What are the emerging techniques that could advance At1g10030 research?

Emerging techniques that could significantly advance At1g10030 research include:

• CRISPR/Cas9 genome editing: Beyond simple knockouts, CRISPR technologies now allow precise editing, base changes, and conditional mutations that could help create an allelic series of At1g10030 variants to dissect its function .

• Single-cell transcriptomics: This approach could reveal cell-type-specific expression patterns of At1g10030 and co-regulated genes, providing insights into its tissue-specific functions.

• Cryo-electron microscopy: This technique could potentially resolve the structure of At1g10030 within the sterol biosynthetic complex, elucidating its scaffolding mechanism.

• Proximity labeling techniques: Methods like TurboID or APEX2 could map the At1g10030 protein interaction network in living plant cells with temporal and spatial resolution.

• Computational biology approaches: Advanced modeling using the wealth of genomic data available for Arabidopsis can help predict the impact of natural variation in At1g10030 on plant phenotypes across diverse environments .

• High-resolution genetic mapping: Techniques that allowed the generation of a 676-marker genetic linkage map in Arabidopsis could help precisely map QTLs related to At1g10030 function and identify genetic modifiers.

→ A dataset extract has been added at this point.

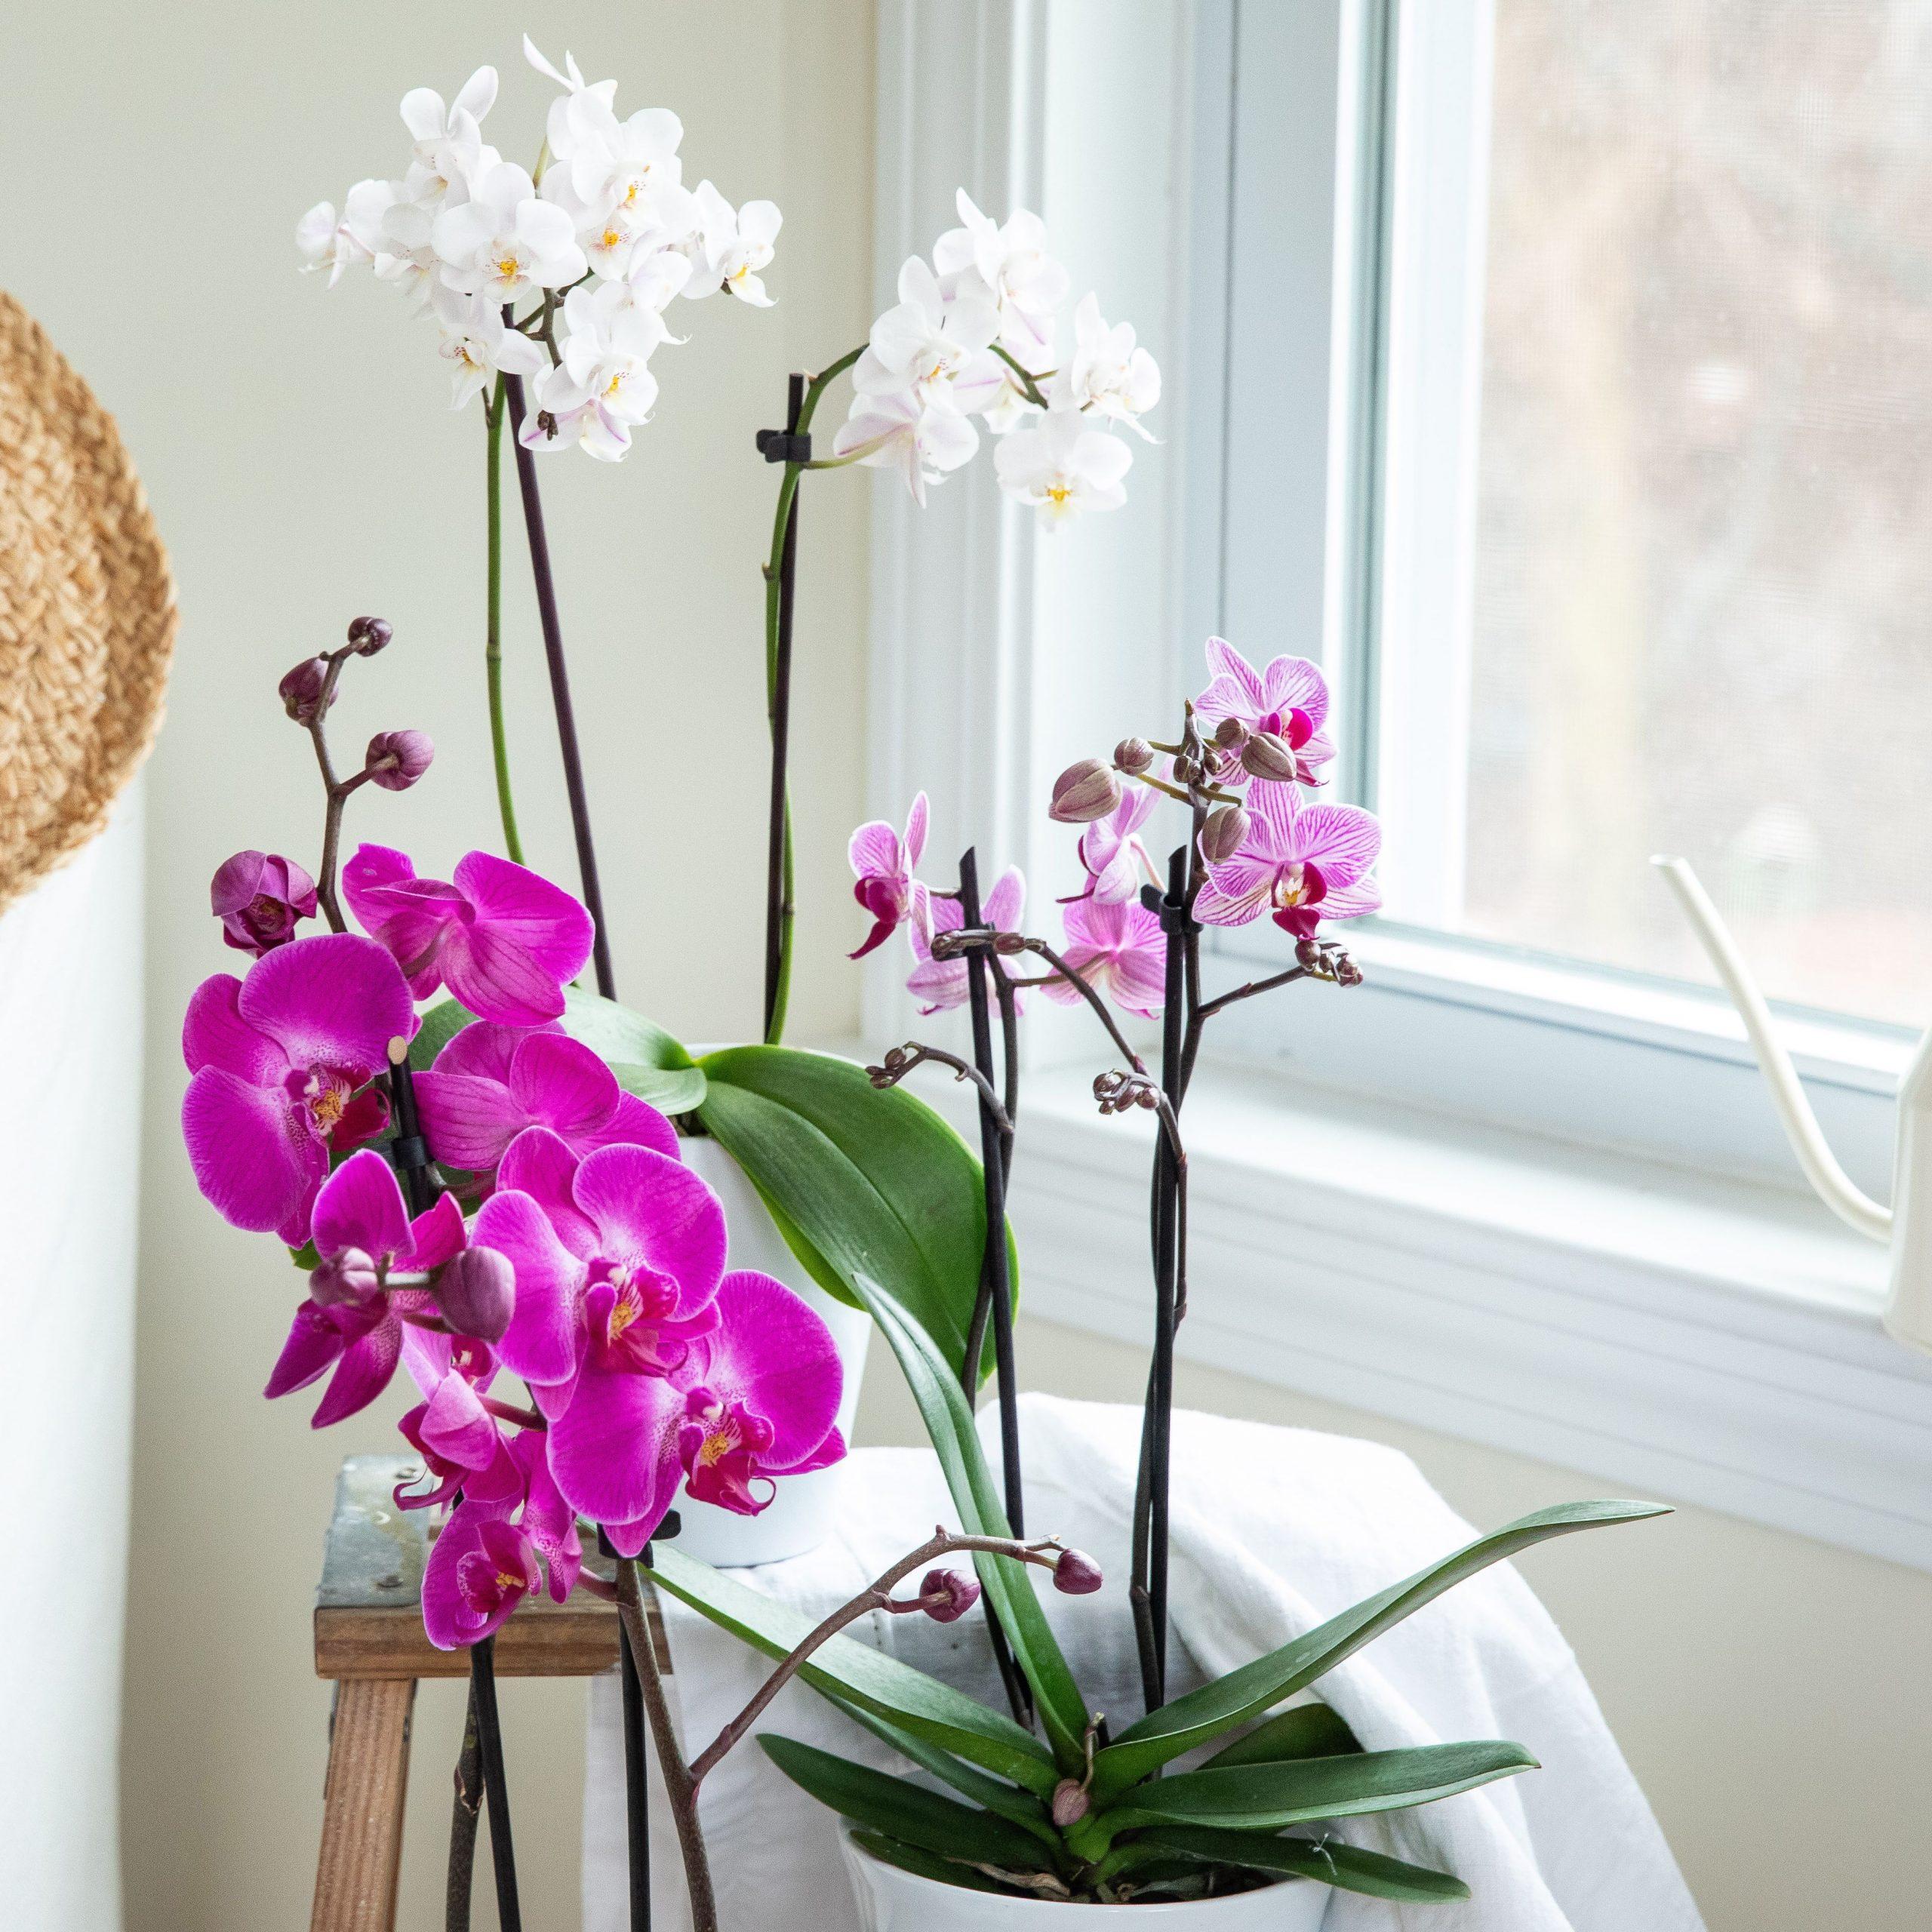 Bật mí cách chăm Lan Hồ Điệp ra hoa rực rỡ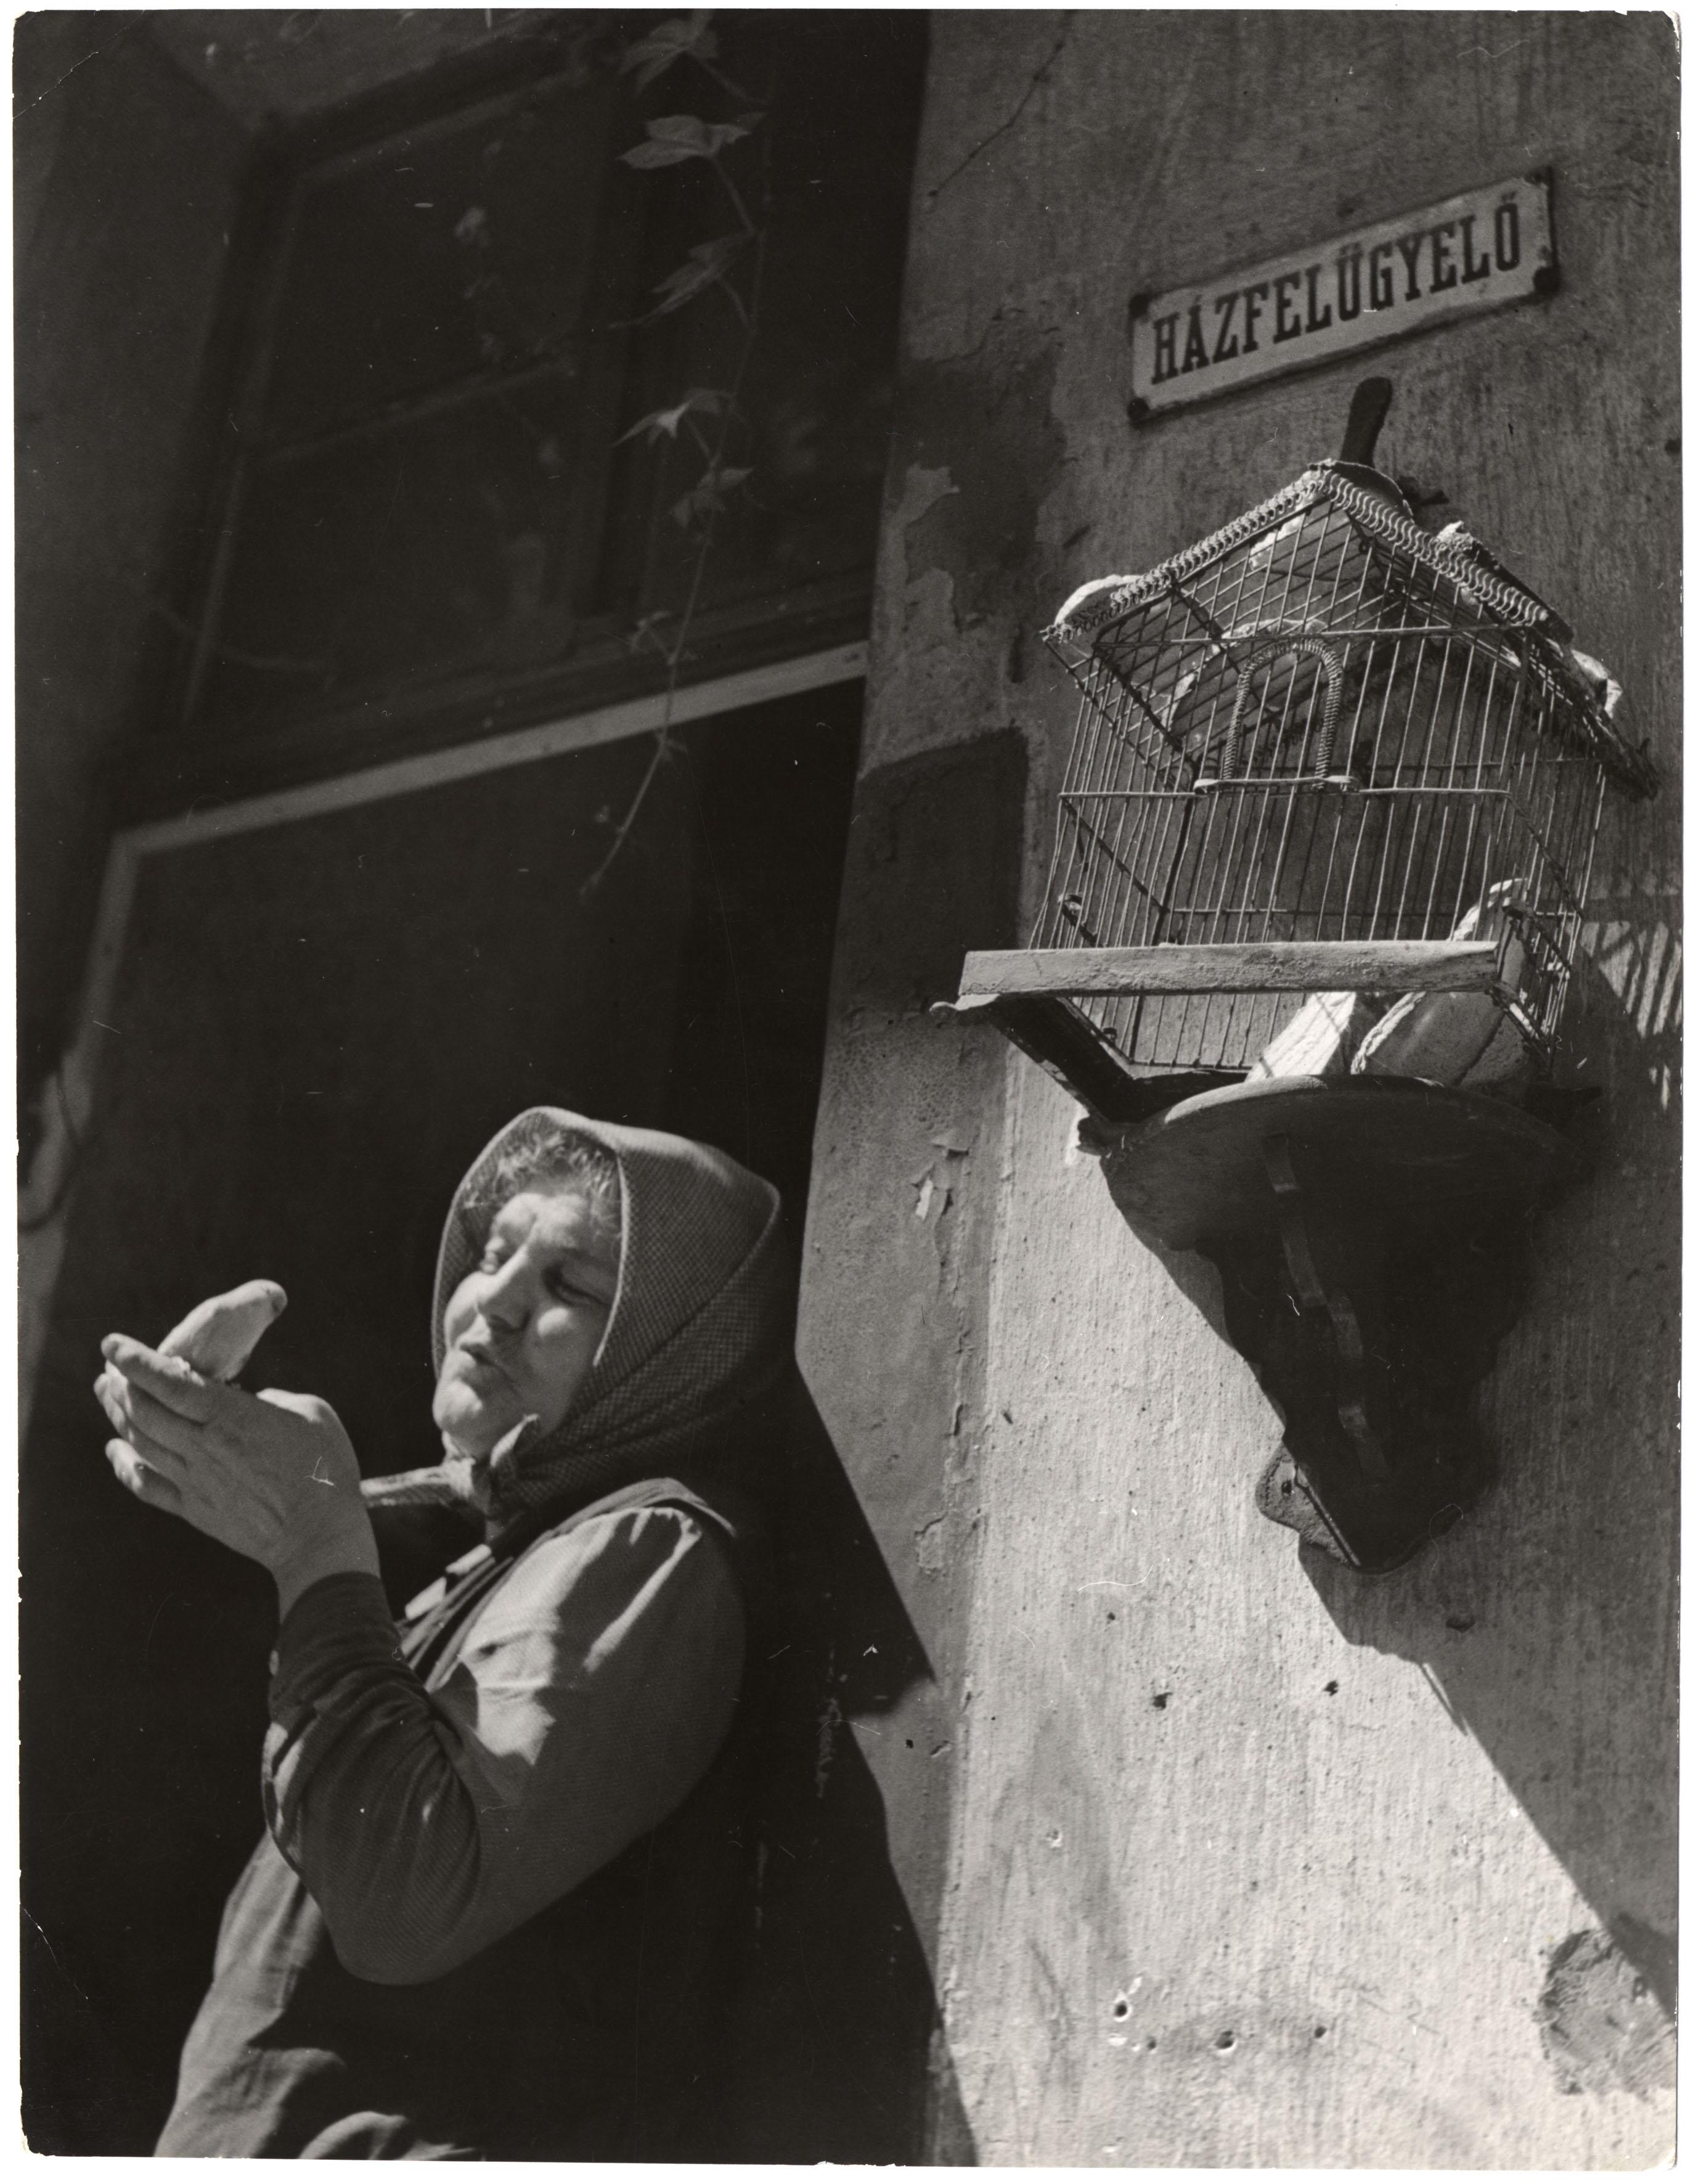 Fotó: Gink Károly: Házfelügyelő, 1958 © Magyar Fotográfiai Múzeum

What are the most promising applications of At1g10030 research in plant biotechnology?

While the search results don't directly address biotechnological applications of At1g10030, several promising directions can be inferred:

• Metabolic engineering of sterols: Understanding At1g10030's role in organizing sterol biosynthetic enzymes could facilitate engineering of sterol metabolism for enhanced stress tolerance or modified sterol profiles.

• Protein scaffolding technology: The natural scaffolding properties of At1g10030 could potentially be adapted to create synthetic scaffolds for metabolic engineering of other pathways, improving flux through desired routes.

• Membrane engineering: Insights into how At1g10030 affects membrane sterol composition could inform strategies for modifying membrane properties to enhance crop resistance to temperature extremes or drought.

• Agrochemical development: Understanding the sterol biosynthetic complex architecture could guide the development of more selective antifungal agents that target fungal-specific aspects of the pathway without affecting plant homologs.

• Stress tolerance improvement: Given the role of sterols in membrane integrity and signaling, manipulating At1g10030 function could potentially enhance plant tolerance to various stresses, contributing to climate resilience in crops.